A captured planet tends to end up hundreds or thousands of times farther from its star than Earth is from the Sun. It’s also likely to have a, orbit that’s tilted relative to any native planets, and may even revolve around its star backward.

Perets and Kouwenhoven simulated young star clusters containing free-floating planets. They found that if the number of rogue planets equaled the number of stars, then 3 to 6 percent of the stars would grab a planet over time. The more massive a star, the more likely it is to snag a planet drifting by.

While there haven’t actually been planets found yet that are definitely a ‘captured’ world, the best bet would perhaps be a planet in a distant orbit around a low-mass star. The star’s disk wouldn’t contain enough material to form a planet that distant, Perets and Kouwenhoven said.
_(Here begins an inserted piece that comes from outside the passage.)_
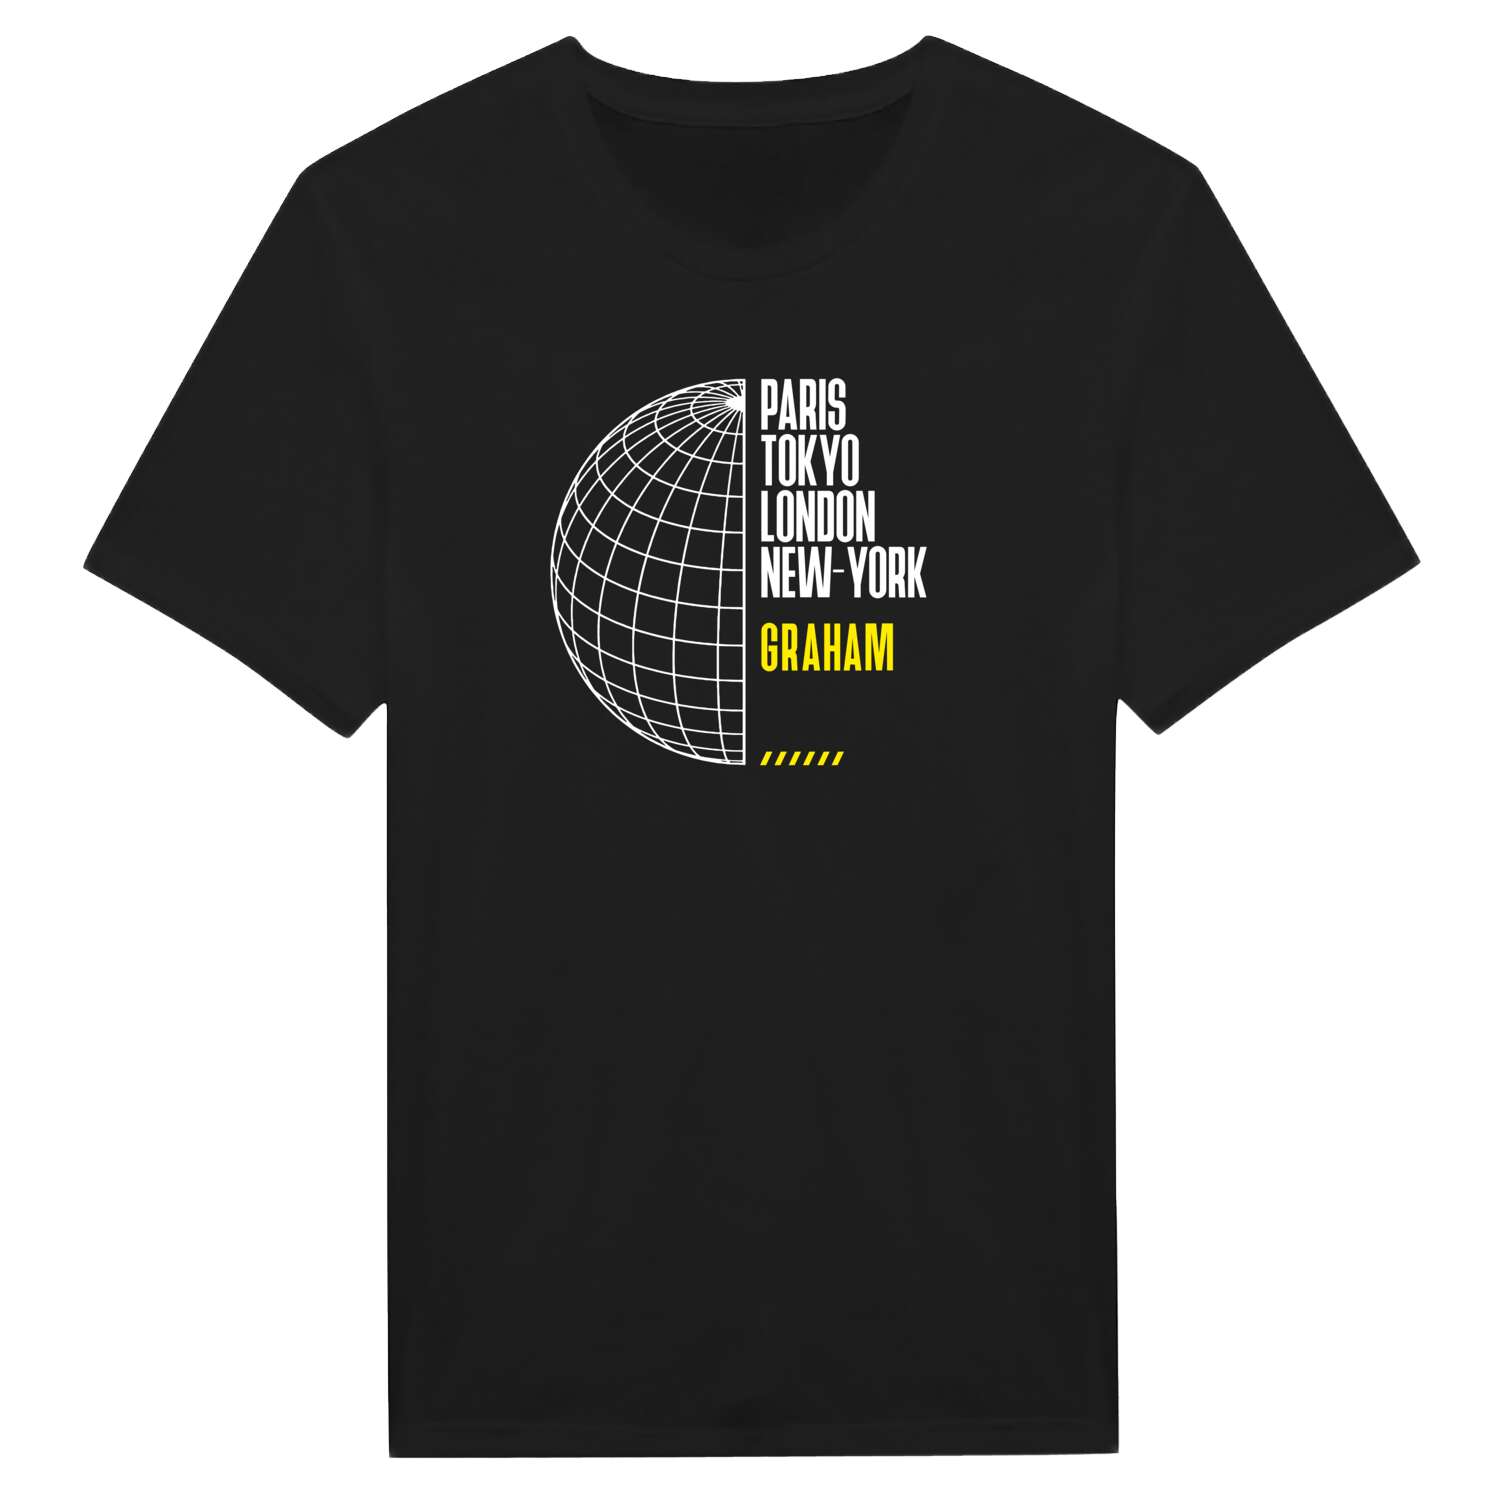 Graham T-Shirt »Paris Tokyo London«
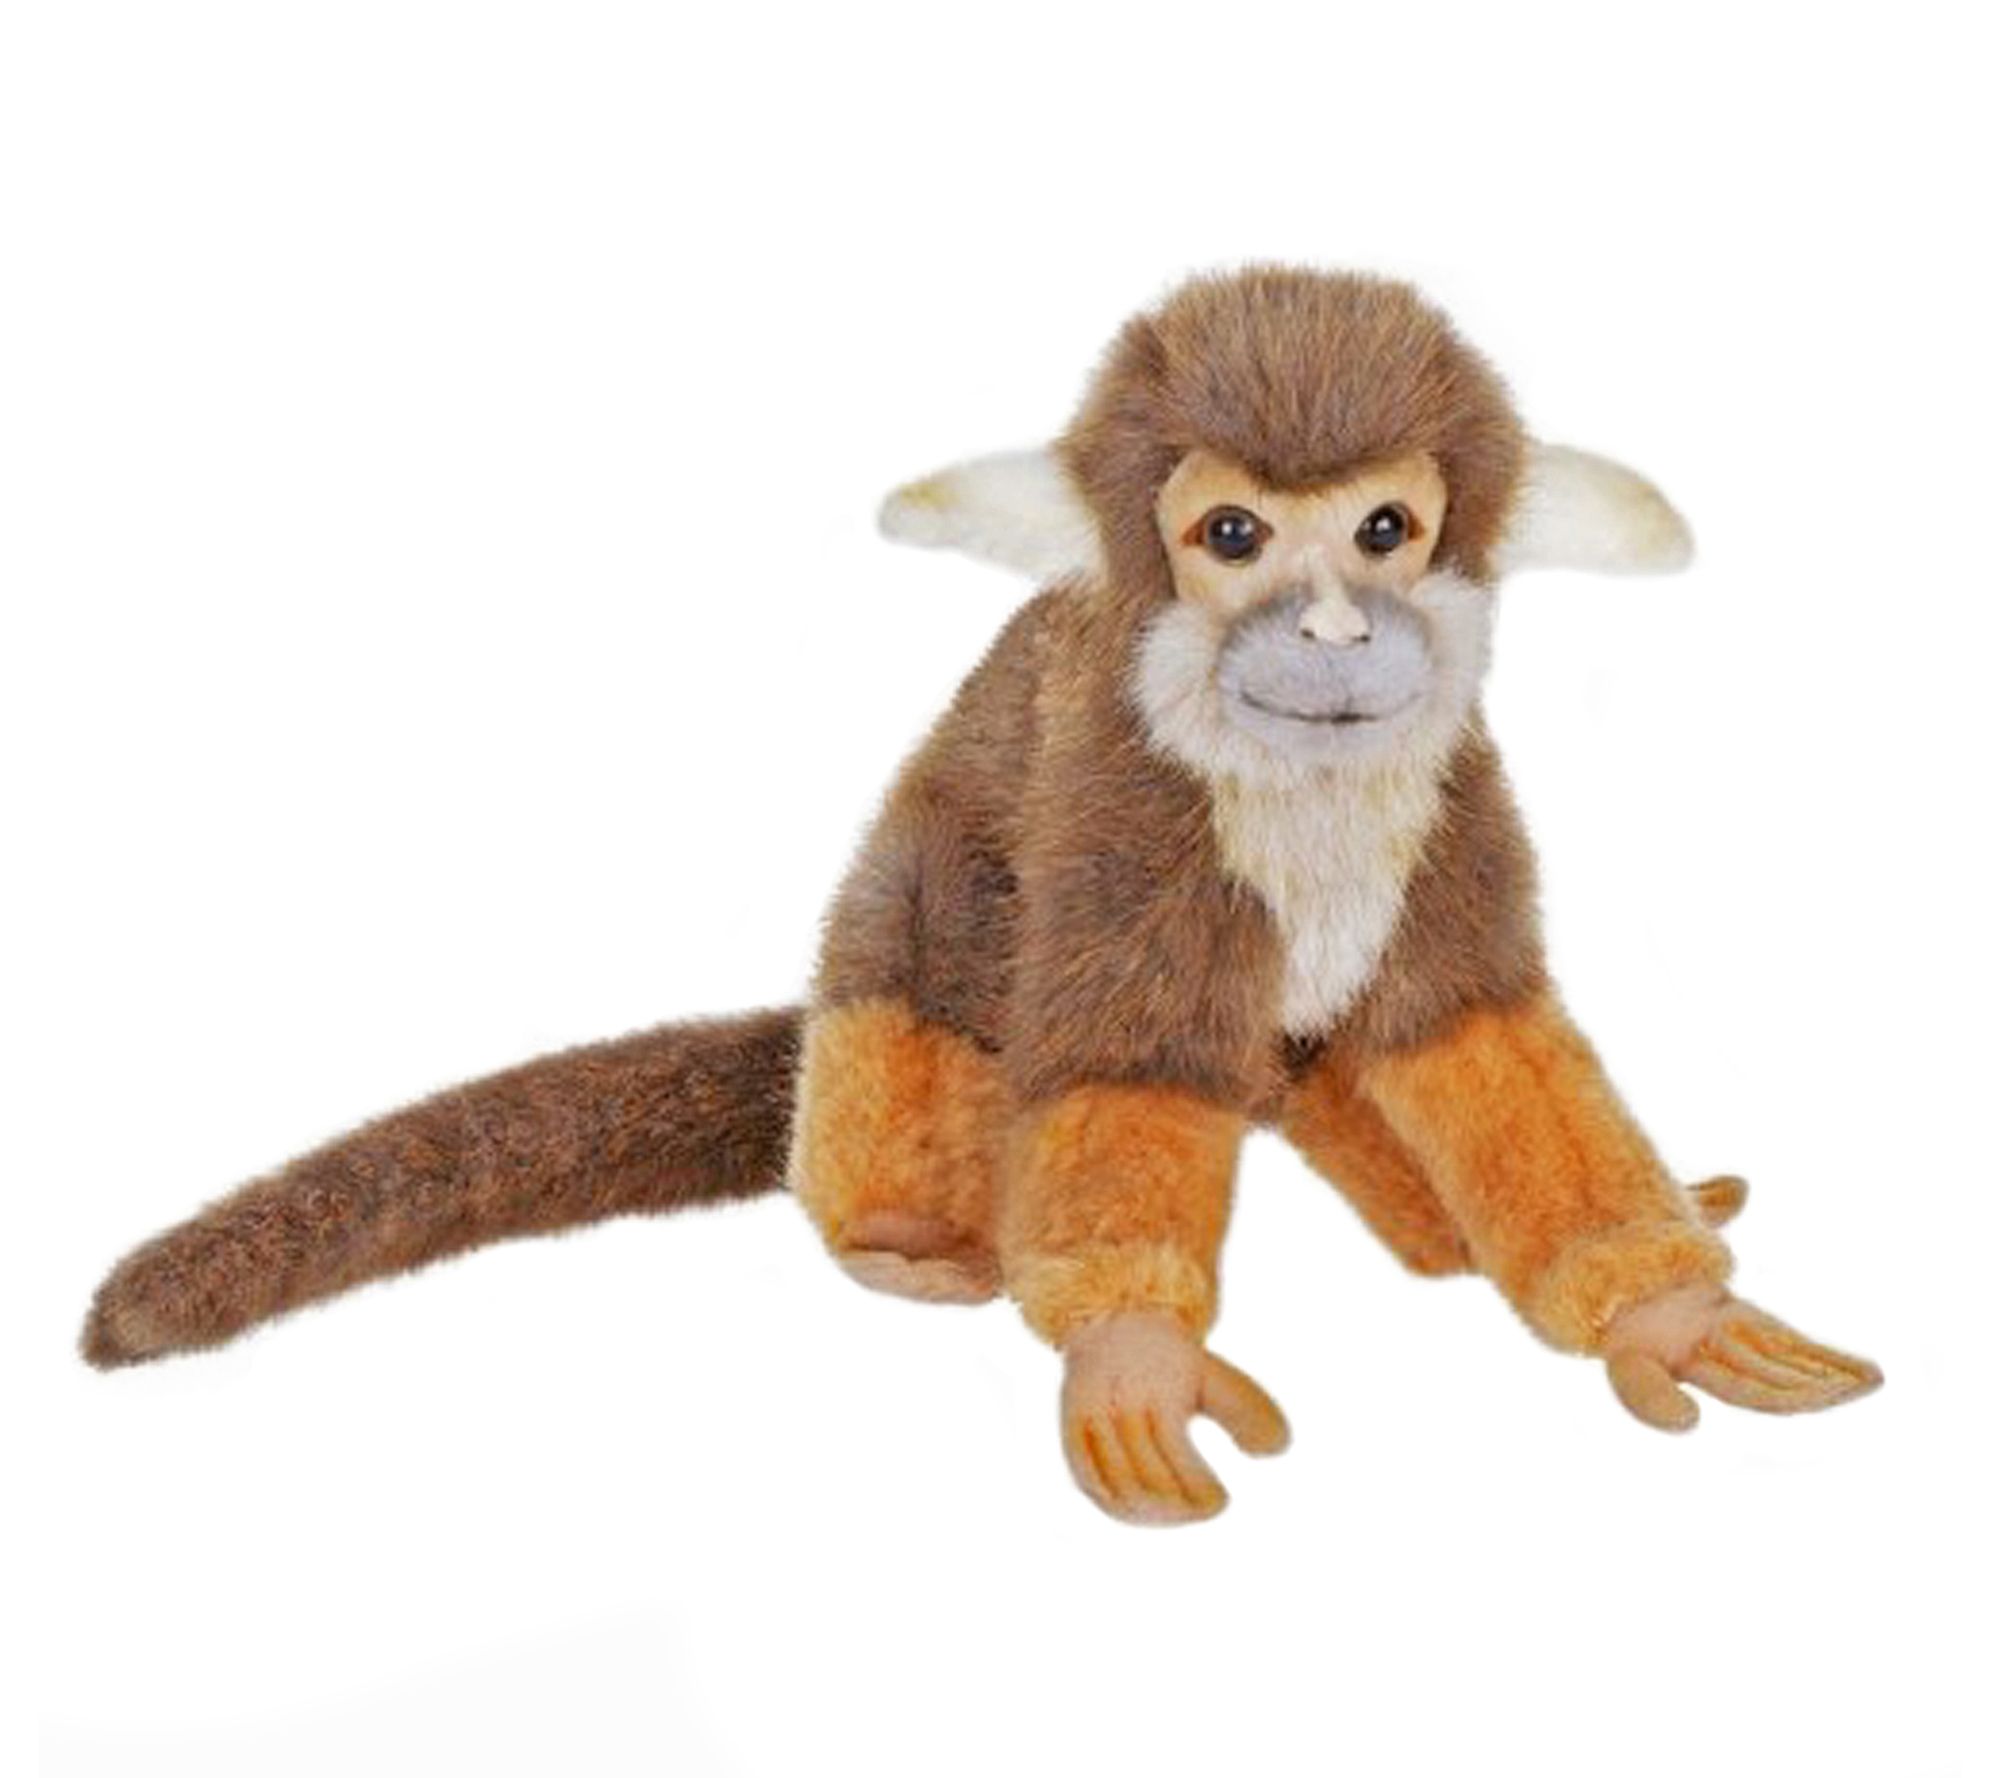 squirrel monkey stuffed animal

The best evidence of a captured planet comes from the European Southern Observatory, which announced in 2006 the discovery of two planets (weighing 14 and 7 times Jupiter) orbiting each other without a star.

“The rogue double-planet system is the closest thing we have to a ‘smoking gun’ right now,” said Perets. “To get more proof, we’ll have to build up statistics by studying a lot of planetary systems.”

As for our own solar system, there’s no evidence at this time that our Sun could have captured an alien world, which would lie far beyond Pluto.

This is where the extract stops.